DIRECTIONS FOR THIS TASK: Copy the following data exactly and drop the pictures.

COLLECTED MATERIAL:
════════
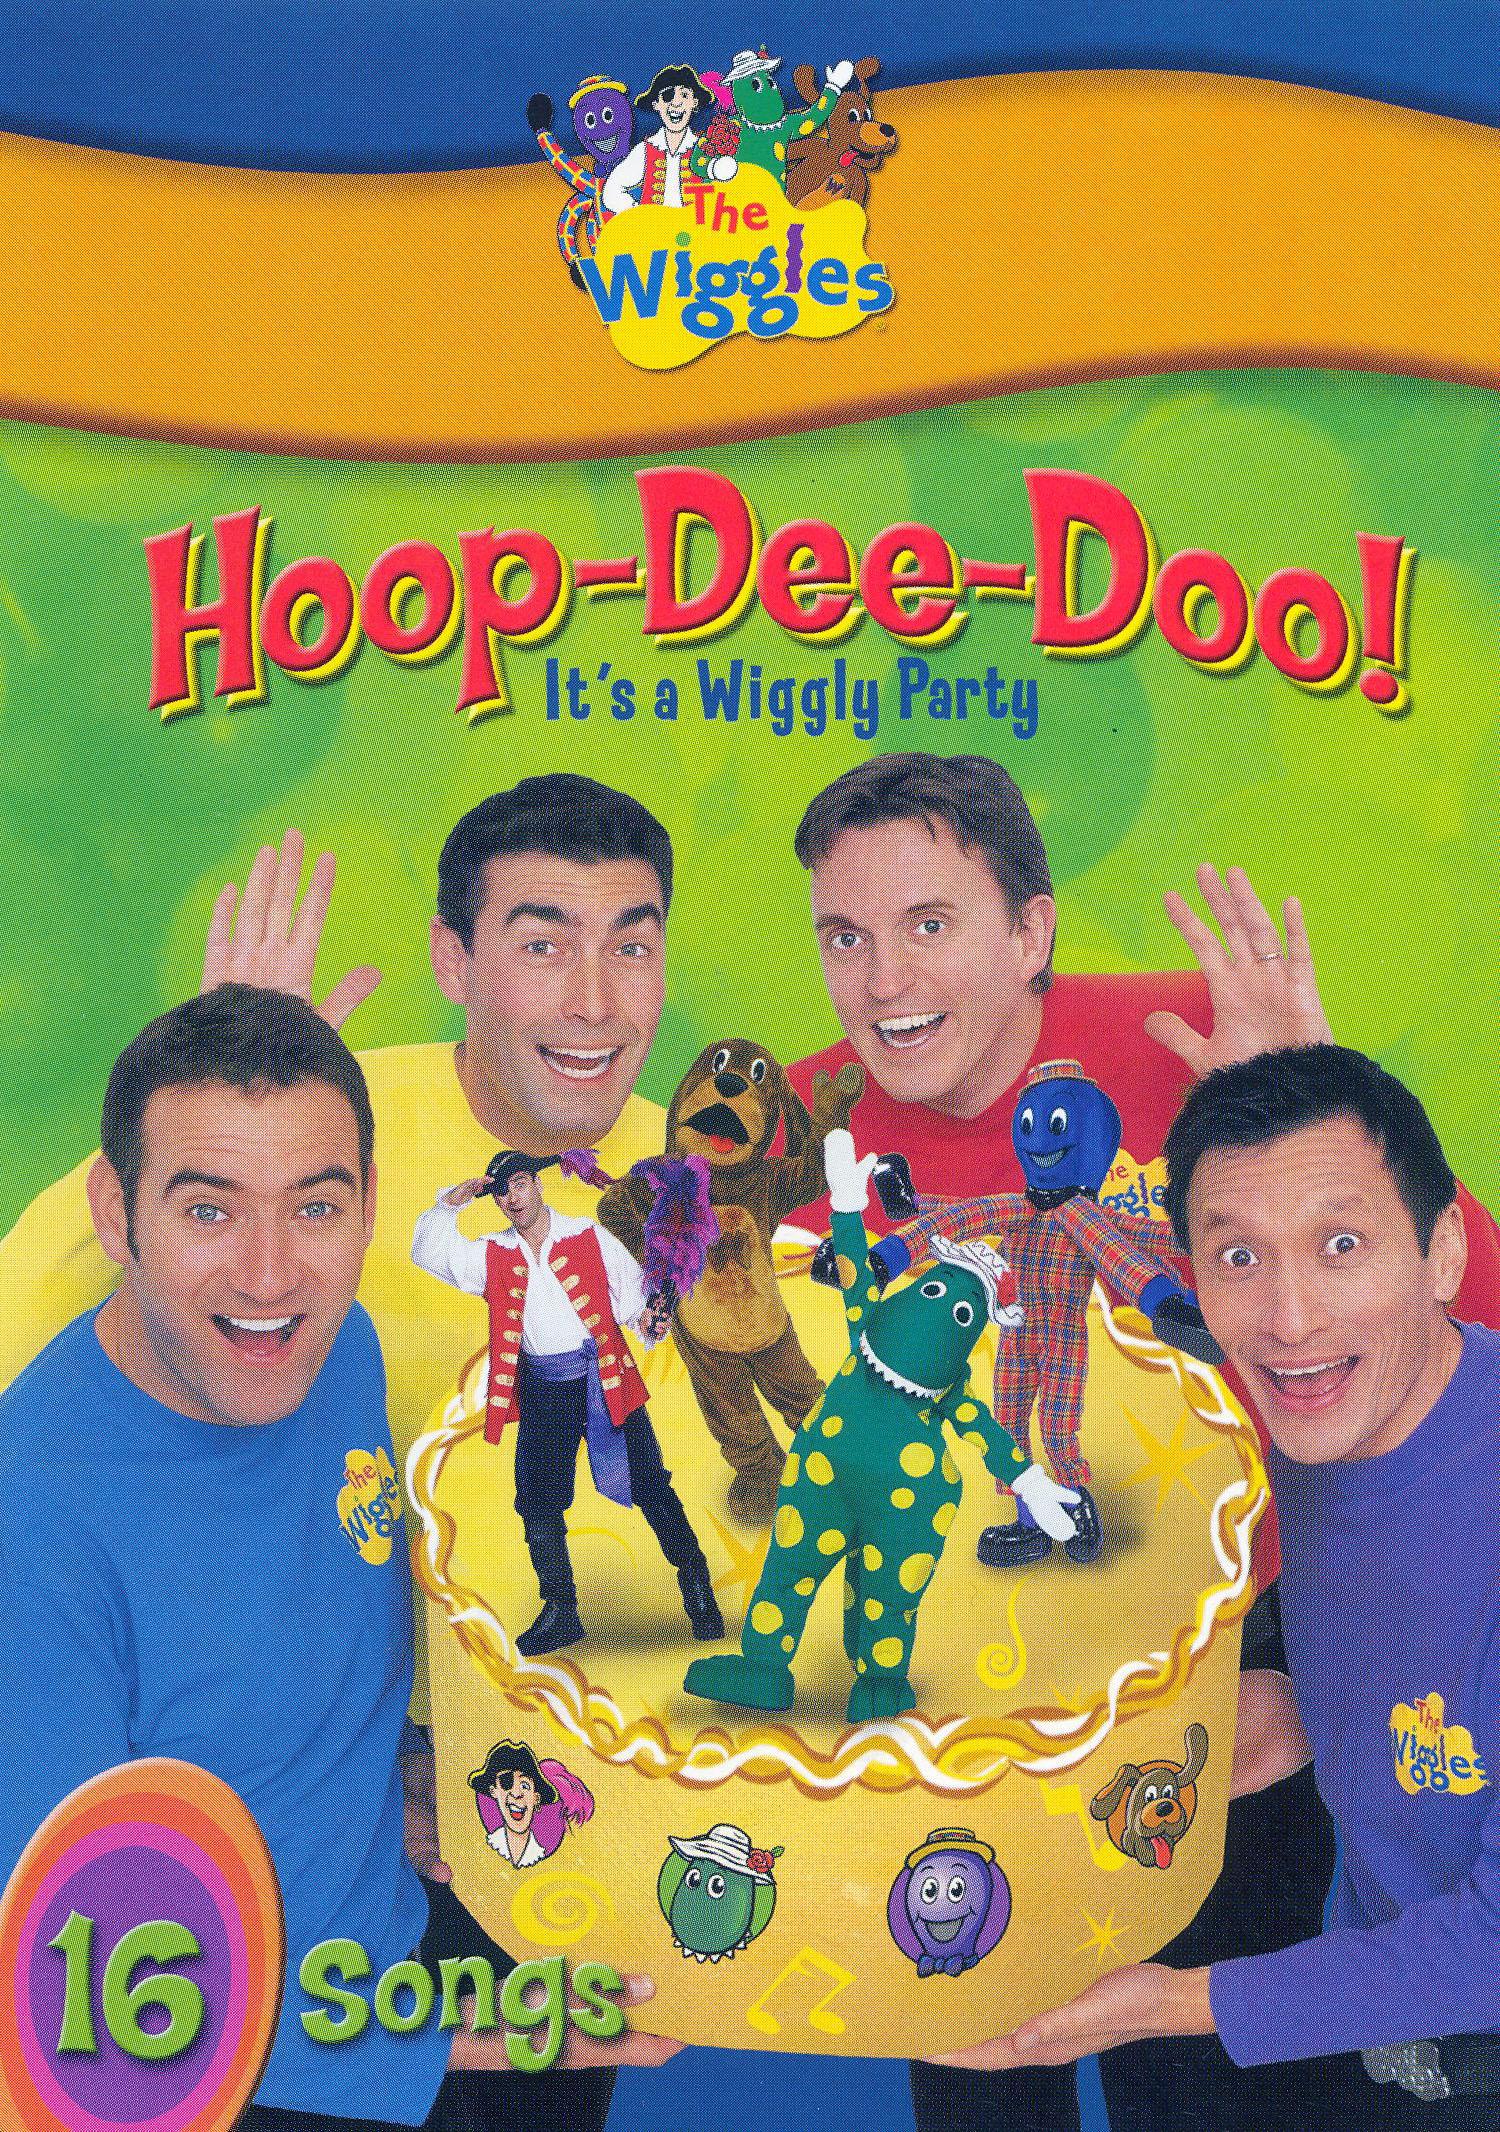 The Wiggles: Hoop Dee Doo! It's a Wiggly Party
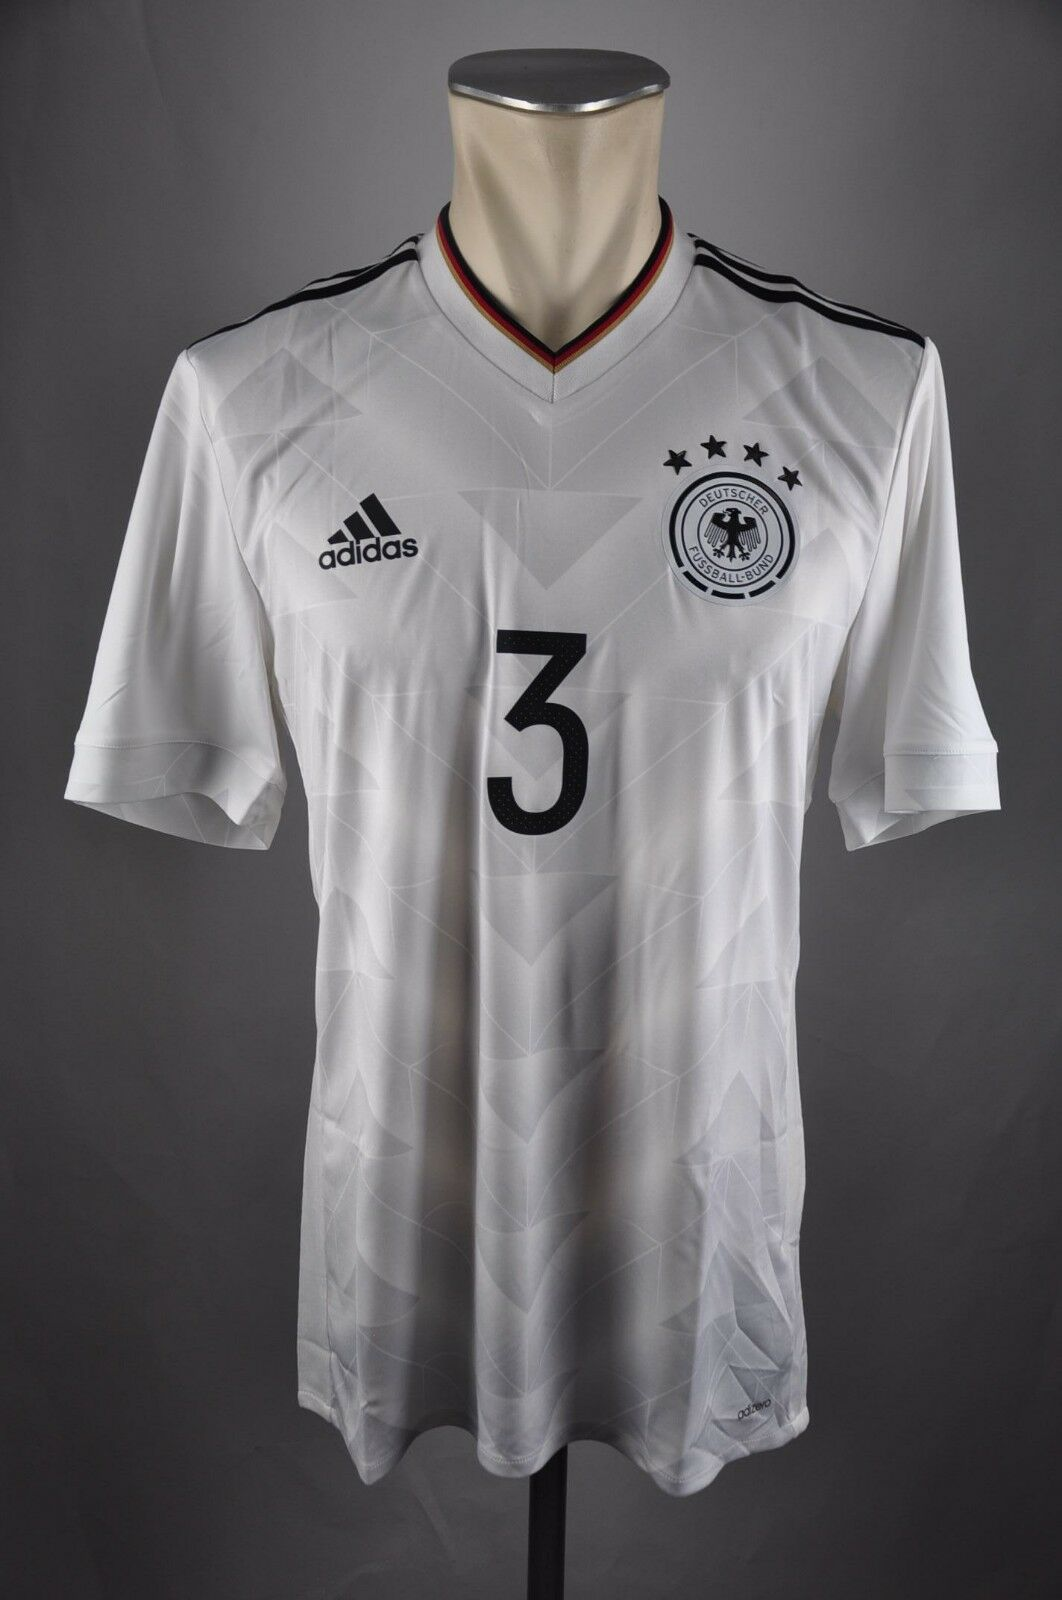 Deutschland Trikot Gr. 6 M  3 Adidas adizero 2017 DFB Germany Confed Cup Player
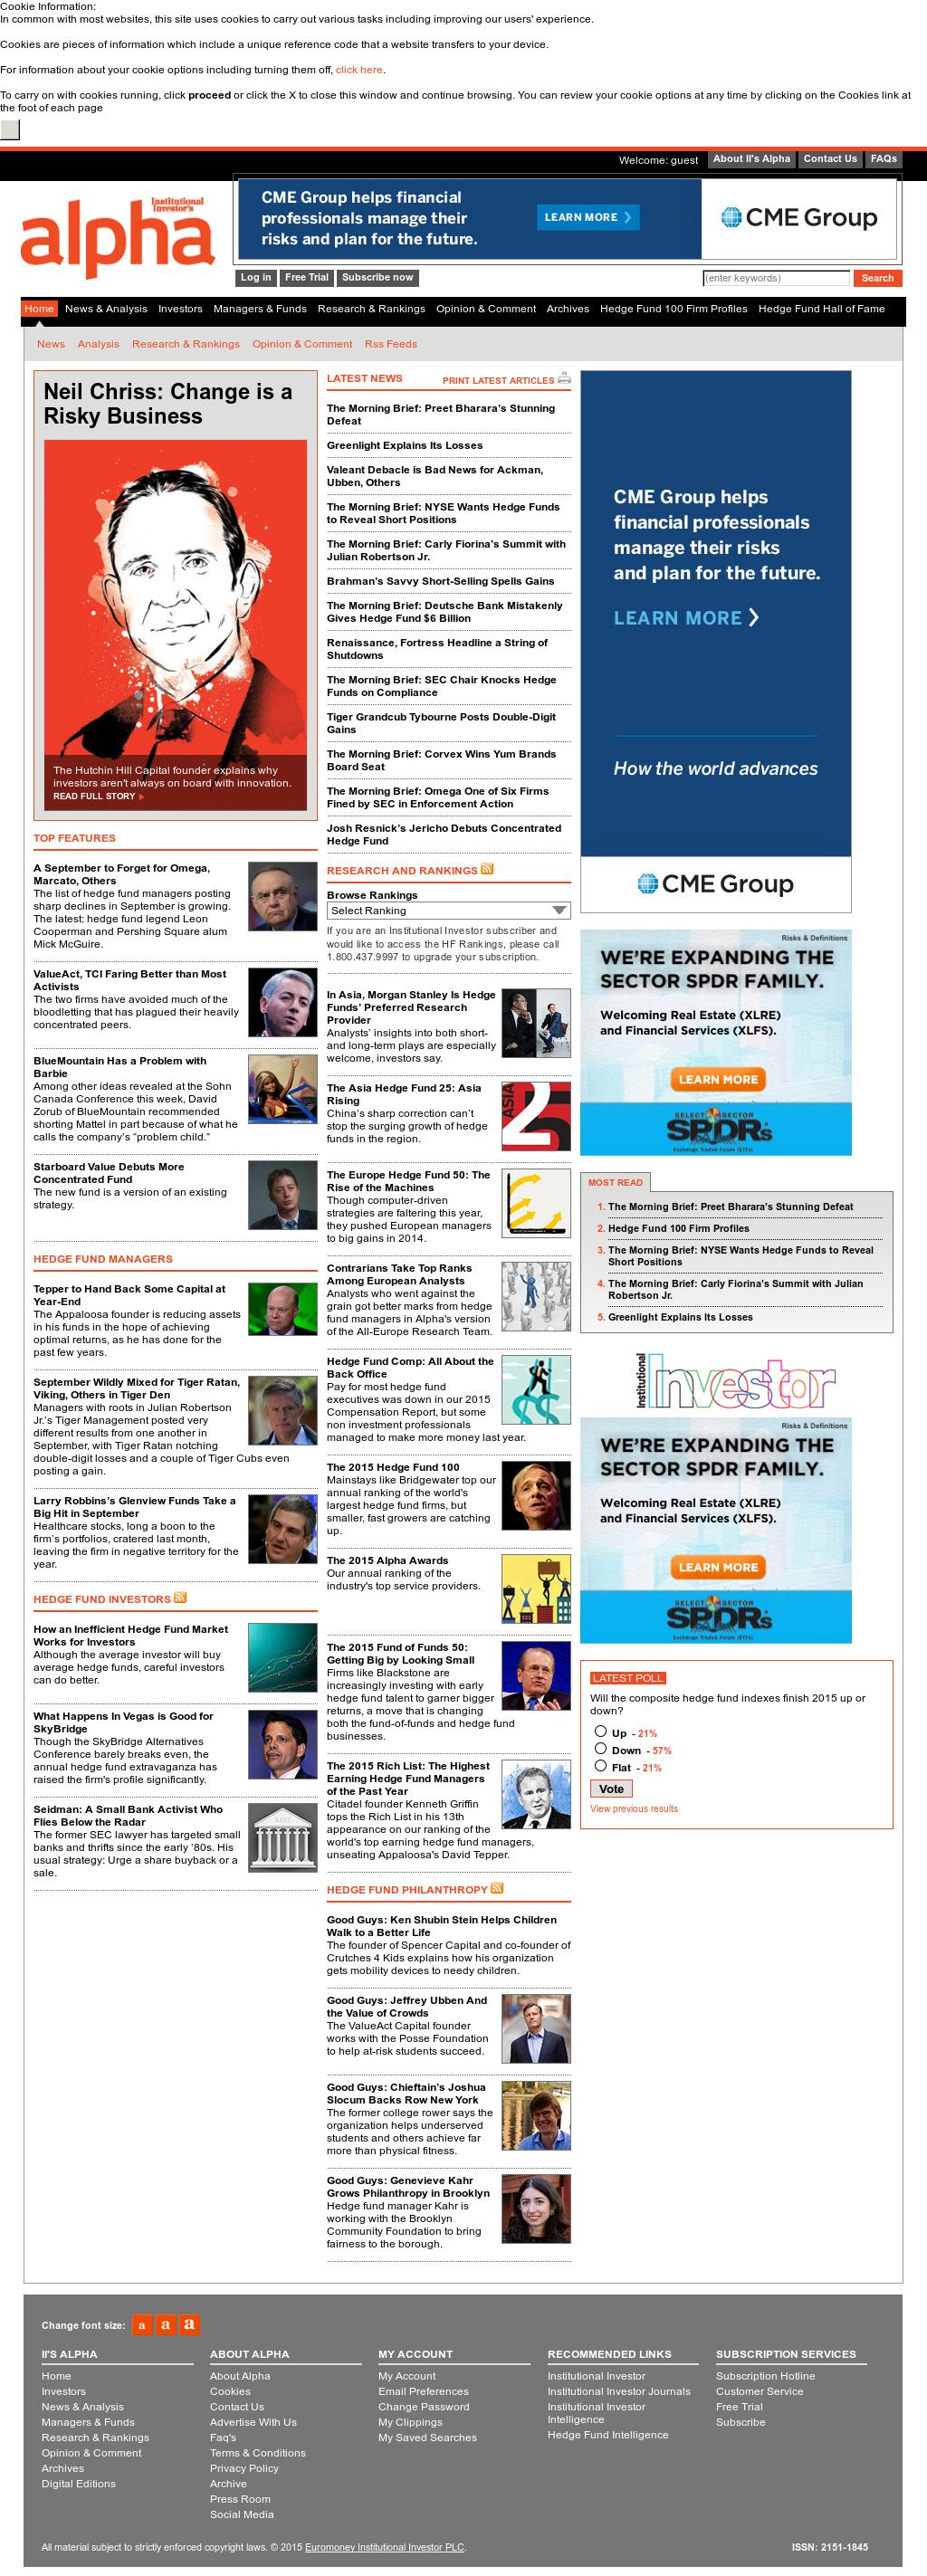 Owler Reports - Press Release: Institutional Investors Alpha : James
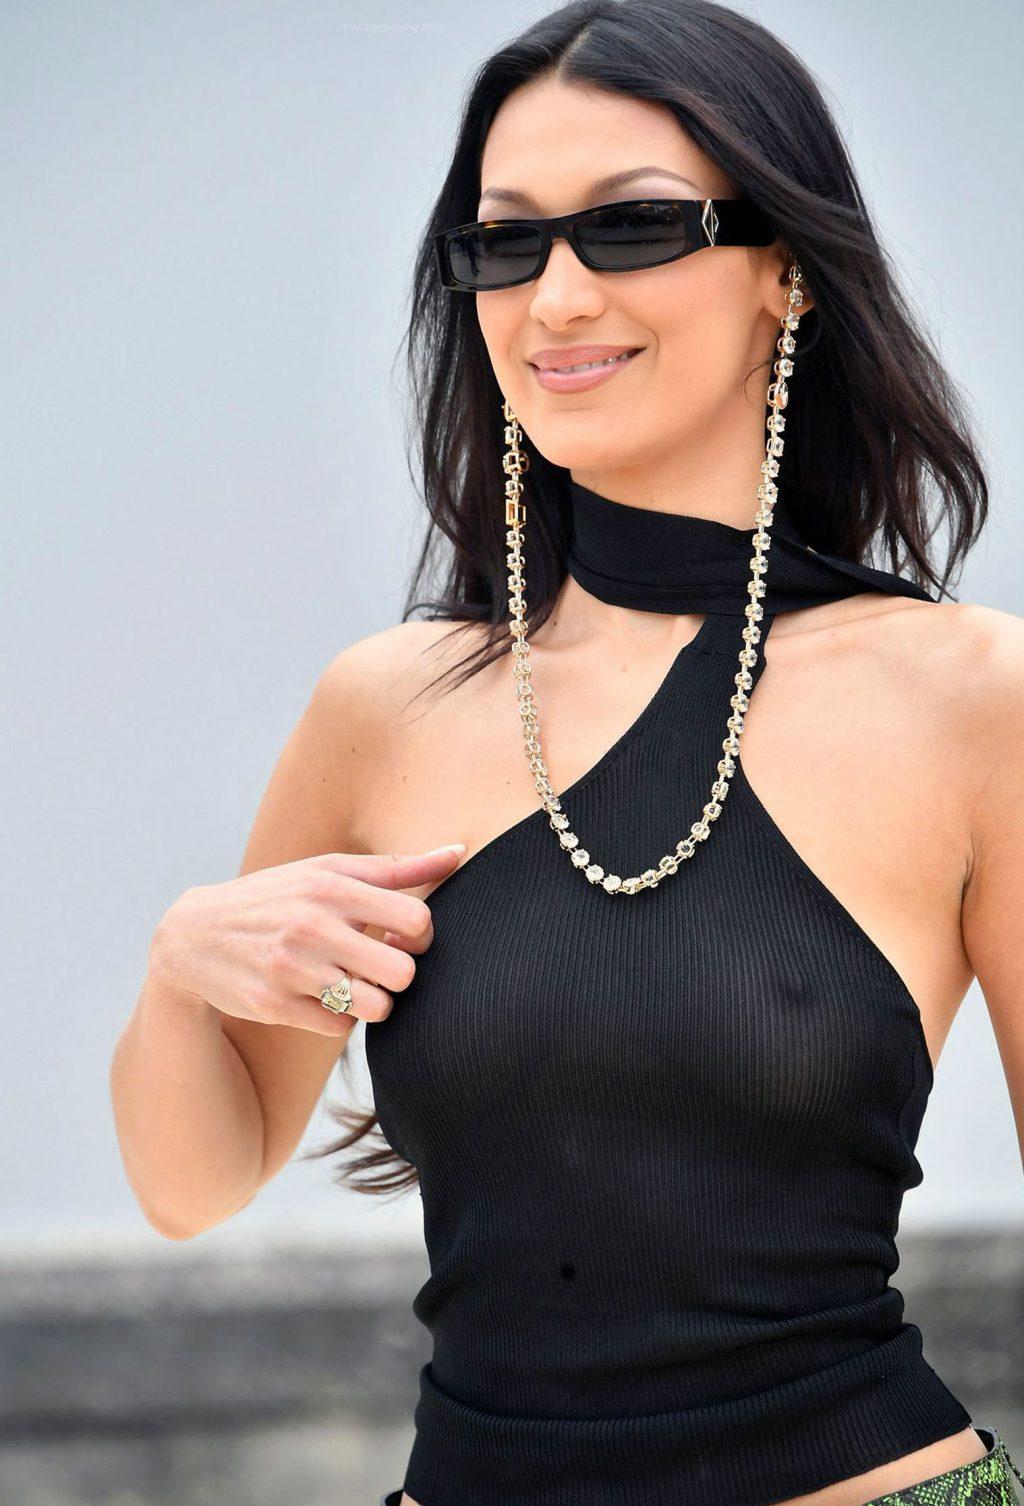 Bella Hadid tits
════════
RESPONSE TO THIS TASK:
 The Wiggles: Hoop Dee Doo! It's a Wiggly Party
 Deutschland Trikot Gr. 6 M  3 Adidas adizero 2017 DFB Germany Confed Cup Player
 Owler Reports - Press Release: Institutional Investors Alpha : James
 Bella Hadid tits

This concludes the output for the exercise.